3. Winning is all that matters

The fourth round of the qualifiers is a Saturday traditionally loaded with tension. How Tyrone and Donegal performed wasn’t of the utmost importance. All that truly counted was the end result.

Tyrone played beautifully in bursts when beating Meath. Recovering from the concession of a seventh minute goal to Eamonn Wallace Tyrone ruled the rest of the first half. Even though Mickey Newman flicked a few frees between the uprights Meath were only allowed craft two scoring opportunities from play. Stingy stuff.

Then at the opposite end Tyrone were given Meath a scary tutorial in how to convert taking 11 from 15 scoring chances. When the pressure mounted after the restart with Meath improving Tyrone only took 6 from 15, but it was enough.

Donegal’s 0-14 total wasn’t particularly polished either, but at this stage the fact that it was sufficient will satisfy Jim McGuinness. Donegal are in the last eight and they are draining the Monaghan loss from the system.

4. Cavanagh class

The enduring excellence of Sean Cavanagh was a sight to behold at headquarters on Saturday. Every time Tyrone needed a lift Cavanagh seemed to supply it. Midway through the first half Cavanagh reeled off four points in a Tyrone burst of five without reply.

Then in the second period when Meath were suddenly buoyed up by Mickey Newman’s penalty and questions were being asked of Tyrone’s resolve a familiar thing happened: Cavanagh embraced the responsibility. Substitute Aidan Cassidy, who was effective, levelled and then Cavanagh curled over a splendid free.

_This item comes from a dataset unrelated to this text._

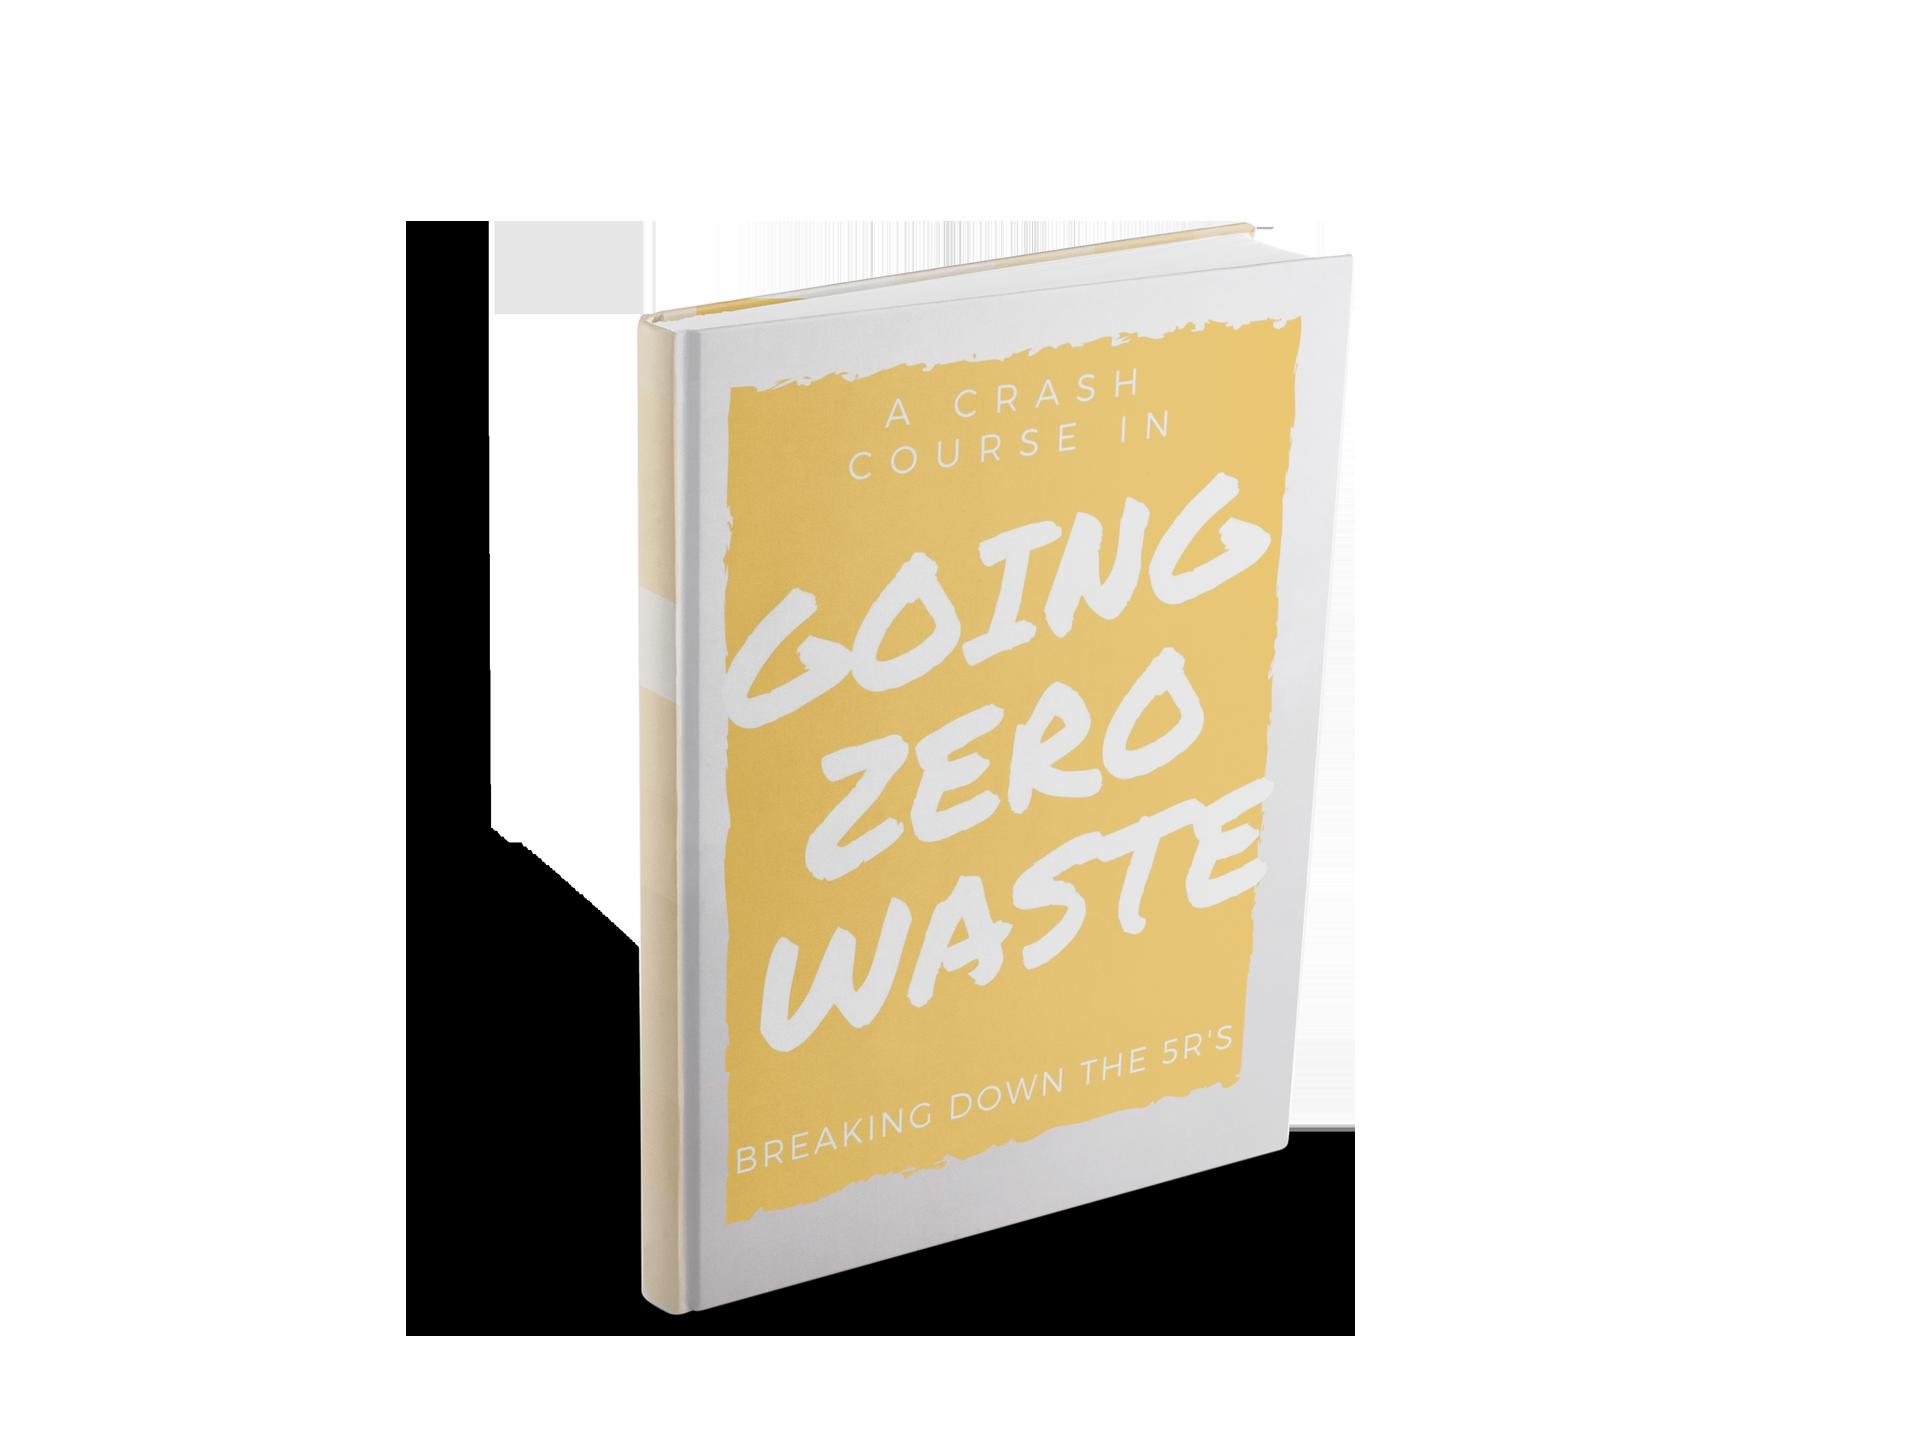 A zero waste eBook, A Crash Course in Going Zero Waste from www.goingzerowaste.com

Tyrone had the lead once more and they didn’t relinquish it. The all action midfielder from Moy made sure of that.

5. Harte on the line

Leaving Ballybofey in May with Donegal smiling and Tyrone reflecting on what might have been Mickey Harte walked away adamant that there was something in his current crop. His conviction isn’t misplaced.

Tyrone should have a say in who wins the All Ireland, and hey will be quietly confident of taking another scalp or two. Whoever defeats them from here on in will earn it. That is because Harte has once more proven to be a cool customer at playing his hand.

Conor Gormley swept up breaks as Meath struggled initially. Peter Harte can knit the play; his pass for Stephen O’Neill’s point midway through the first half a flash of real quality. The Cavanagh brothers have the understanding and nous to rattle any midfield partnership still in the hunt for Sam Maguire.

Further up the pitch Mattie Donnelly’s perpetual movement and Darren McCurry’s tasty left peg continue to flourish. Harte isn’t claiming Tyrone are the finished article, but they are undoubtedly improving with road.